As soon as the temperature starts falling in September, most Norwegians start yearning for what’s popularly known as the country’s national dish, fårikål : Lamb (mutton in earlier times) simmered for hours in salted water with peppercorns and lots of cabbage. Fårikål is served with boiled potatoes, sometimes carrots as well, and often with beer and aquavit , the strong Norwegian schnapps.
It’s a wildly popular autumn meal, also among many immigrant groups who eat a lot of lamb. But this year, it hasn’t been easy to find much fresh lamb in local stores, forcing many to delay the season’s first taste of fårikål.
Blame it on the rain and bad weather that plagued most of southern Norway since early July, along with restrictions on imported meat.

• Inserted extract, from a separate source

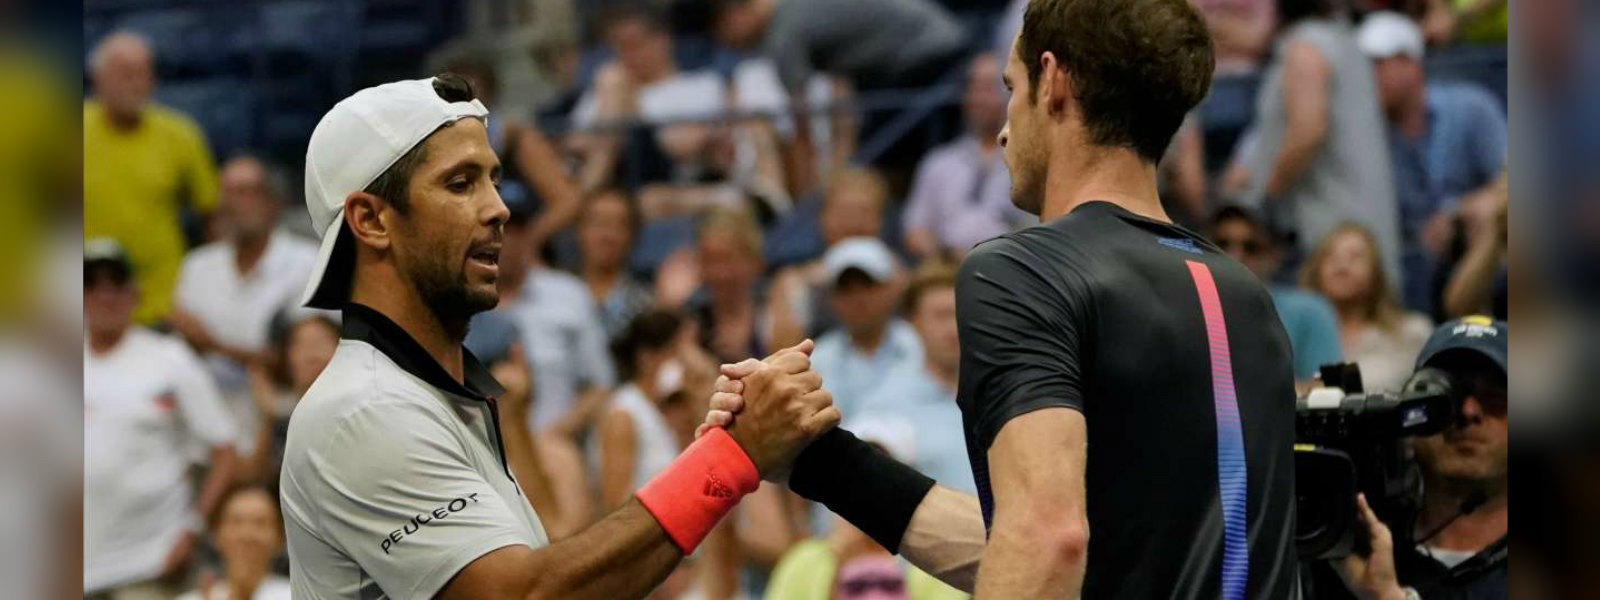 Andy Murray knocked out of U.S. Open by Verdasco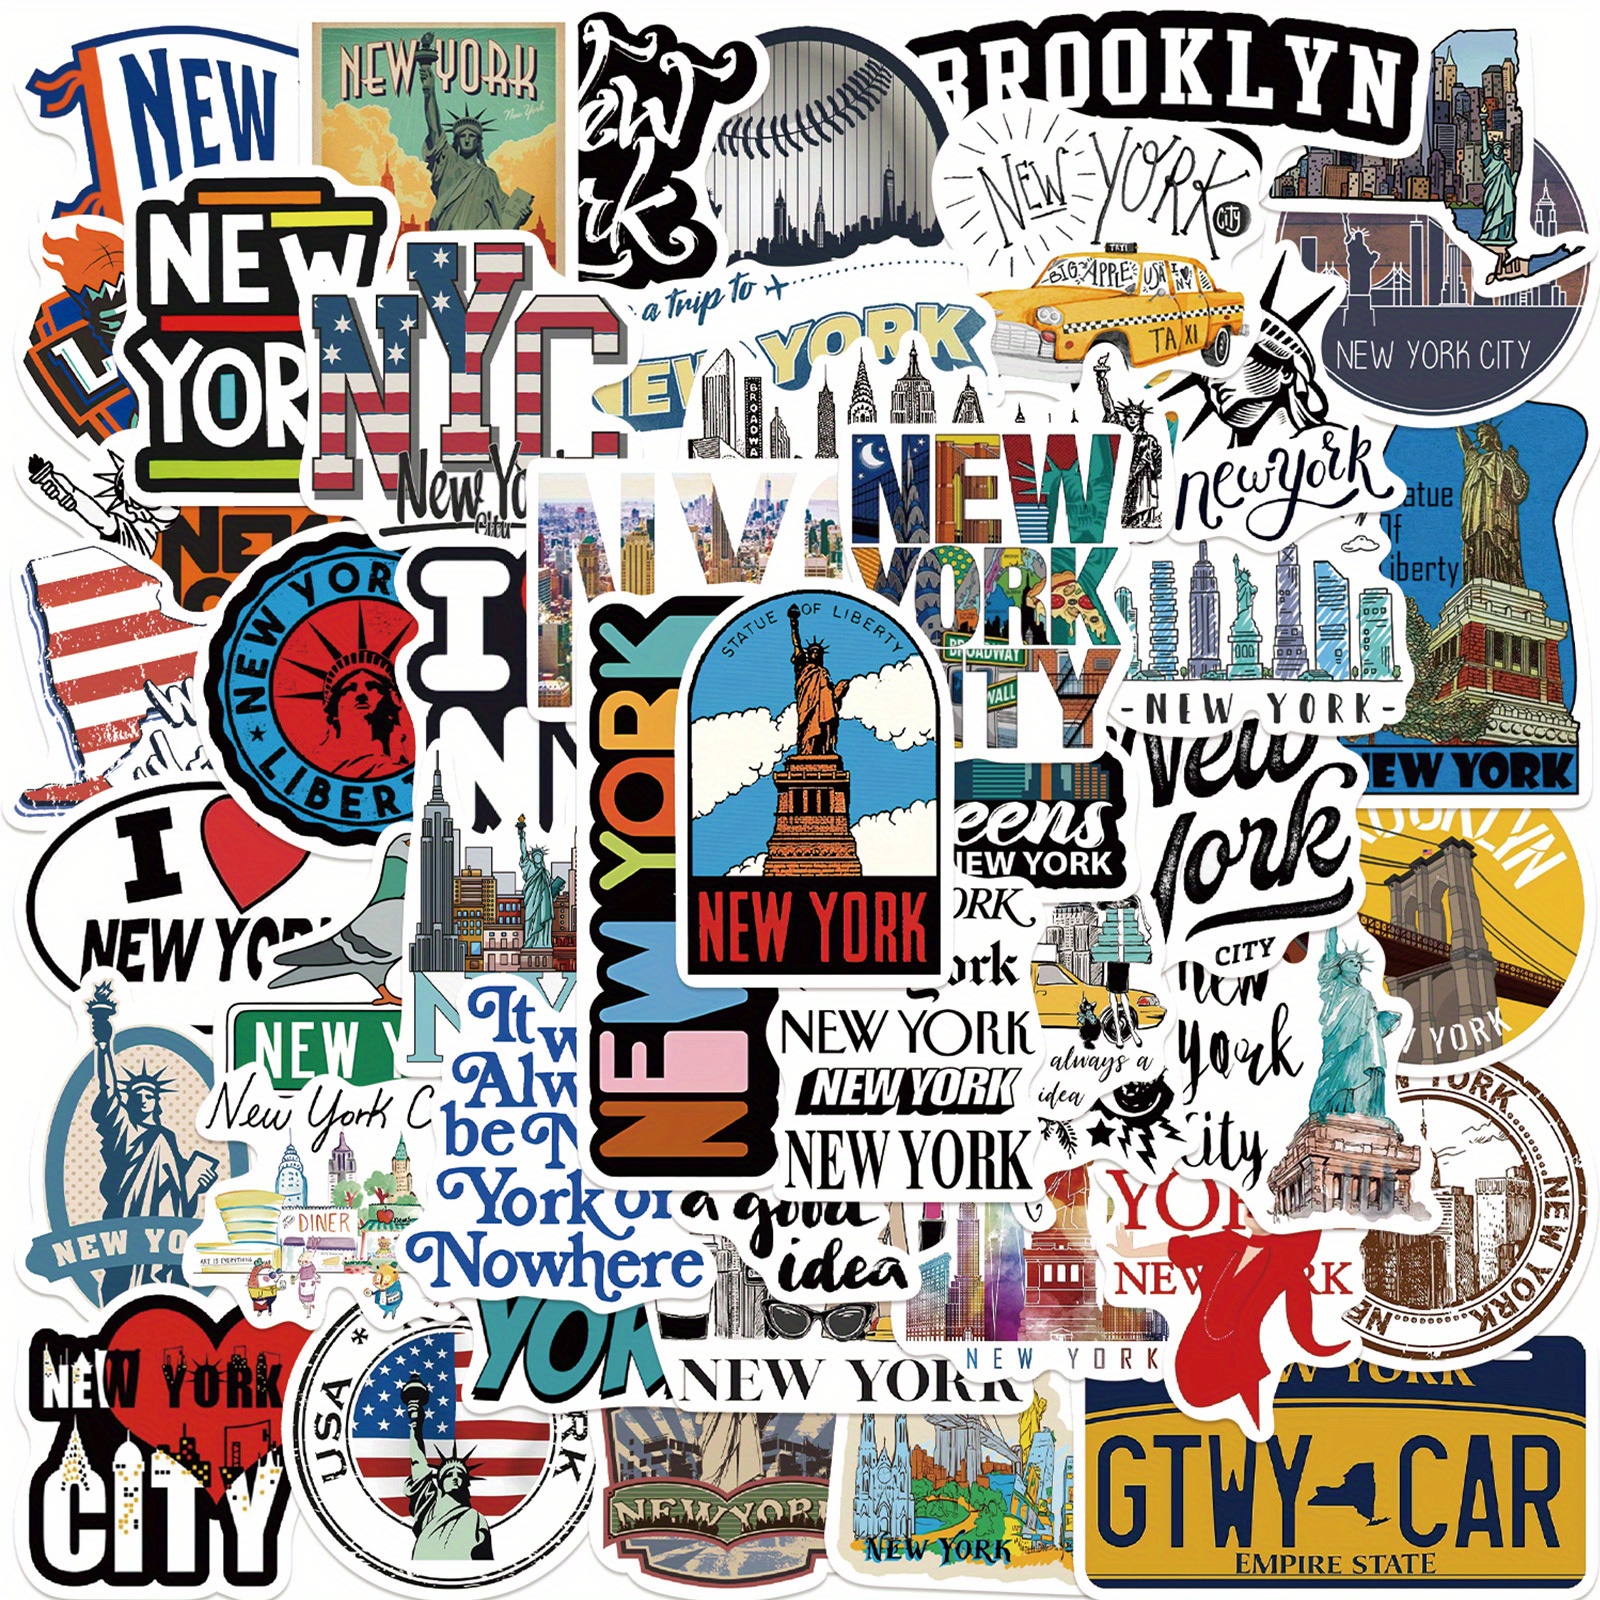 

50pcs New York Waterproof Doodle Sticker, Laptop Phone Case Luggage Water Bottle Cup Skateboard Car Accessories Diy Creative Motorcycles Stickers

Ranchers who traditionally release their sheep and lambs for free grazing have had to deal with unusually wet and muddy wool on their animals, and the bad weather has slowed down the annual round-up itself.
Nortura, Norway’s dominant meat producer, told news bureau NTB that it was difficult for ranchers to track down and find their animals in wet and muddy fields and forests. Now they need to slaughter around 800,000 sheep and lamb during the next few weeks, but Nortura hopes there will be enough lamb in the stores to enable celebration of the annual “Fårikål Day” on September 24.
Weeks of rain, meanwhile, finally gave way to sunnier skies over southeastern Norway this week, and temperatures even rose to summer-like levels. State meteorologists said the good weather should extend into next week.
Rain was still expected further north, both in Trøndelag and Møre og Romsdal, and temperatures at higher elevations are approaching the freezing point at night. Rain was also forecast for northern Norway, which along with much of the country was hit by strong winds earlier this week, approaching hurricane force at the Western Cape of Stadt.